Roundup about Distributed Systems

Replication

Read-after-write consistency: see your own writes immediately
Monotonic reads: ensures not going backward in time when reading from different replicas
Consistent prefix reads: an observer should see a sequence of write operation in the order they were executed

Single leader

Straightforward, conflictless
Failover needed when leader goes down (reelection, client switches to new leder, followers follows the new leader)
Strong ordering guarantees possible
Leader may be bottleneck for writes
Every write go through single centralized leader may lead to high latencies
Examples of leaderless architectures: Kafka, RabbitMQ

Multi leader

Write conflicts must be handled
Good for geographically distribution, spreading cluster over multiple datacenter or for clients with long offline periods (leader will be a part of the clients)
Load balanced write operations
Low latencies for r+w operations of clients
Great way for geographically distributed clusters with high latencies between locations. Leader per datacenter
Possible solution for clients (leaders) witch longer offline periods
Examples of Multi leader architectures: CouchDB, VoltDB

Leaderless

No ordering guarantees
Failovers are not needed
Read and write operations are Quorum based (majority of nodes must be available)
Clients writes data directly and parallel to a defined number (RF) of nodes in the cluster or to a designated coordinator in the cluster (client- or server-side replication)
Catching up missed writes between brokers:
- Read Repair: Clients reads data from all the nodes the data was written to and compares the results. If the data of some nodes is outdated, the clients itself writes the newest state of the data to the node.
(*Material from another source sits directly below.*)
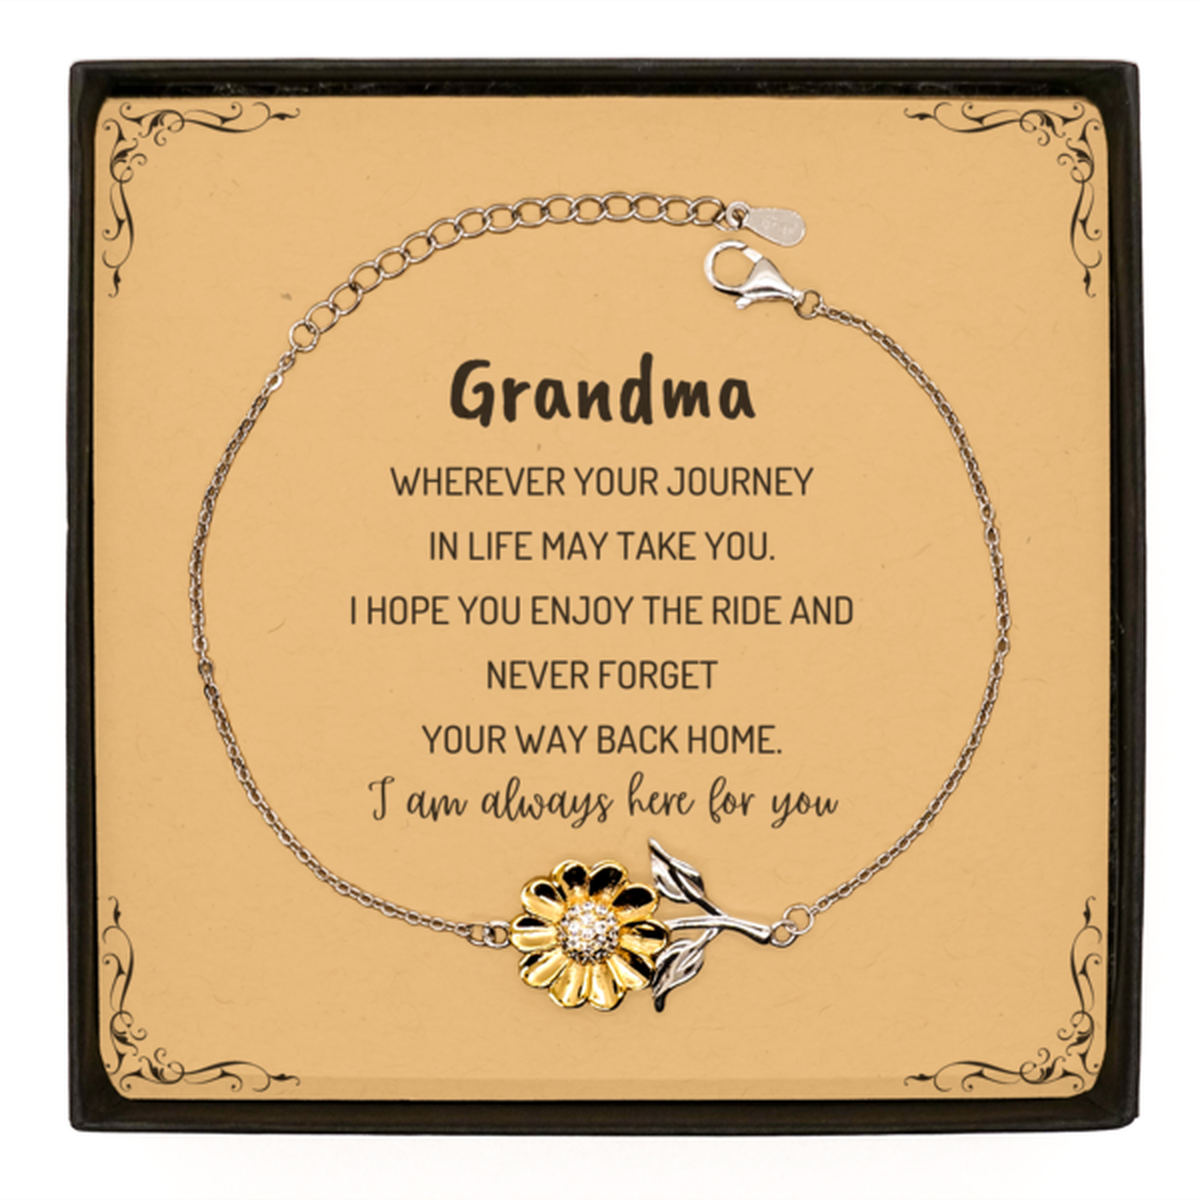 Grandma wherever your journey in life may take you, I am always here for you Grandma Sunflower Bracelet, Awesome Christmas Gifts For Grandma Message Card, Grandma Birthday Gifts for Men Women Family Loved One
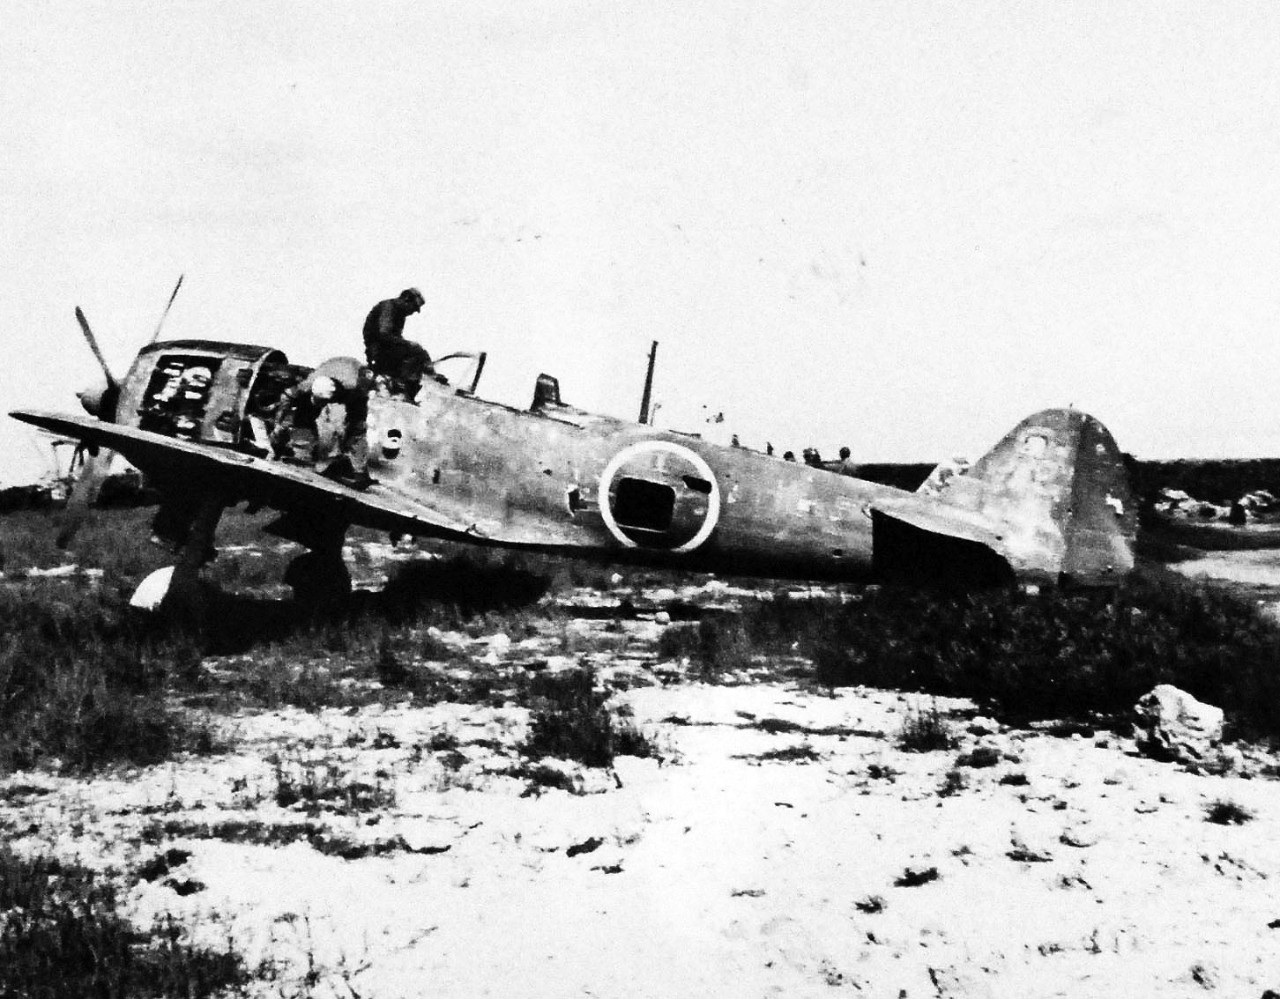 80-G-325333:  Okinawa Campaign, April-June 1945.  Group of smashed Japanese aircraft in the revetments of the airstrip at Naha, Okinawa, Ryukyu Islands.  This specific aircraft is a “Tony”.     This specific aircraft is a Kawasaki K-61, nicknamed “Tony”.     Photograph received 6 July 1945.  Official U.S. Navy Photograph, now in the collections of the National Archives.   (2014/5/1).

Works only well for values that are frequently read.
- Anti entropy process: Serverside background job which synchronizes the data between the brokers.
Examples of leaderless architectures: Cassandra, Voldemort, Dynamo (https://en.wikipedia.org/wiki/Dynamo_(storage_system))

Algorithms

In DBs known as Sharding
Balance network i/o, disk i/o and data usage among multiple nodes in a distributed system
Goal is to distribute load evenly over nodes. Depends on the partitioning algorithm used.
Partitioning of key-value structured data
- Hash of keys: Mostly even distribution between partitions
- Key ranges: Distribution may be skewed, allows efficient key based range queries
- Dynamic extended keys: Some "hot" keys may occur more than others. Keys will be extended by a random number. Must be handled client-side.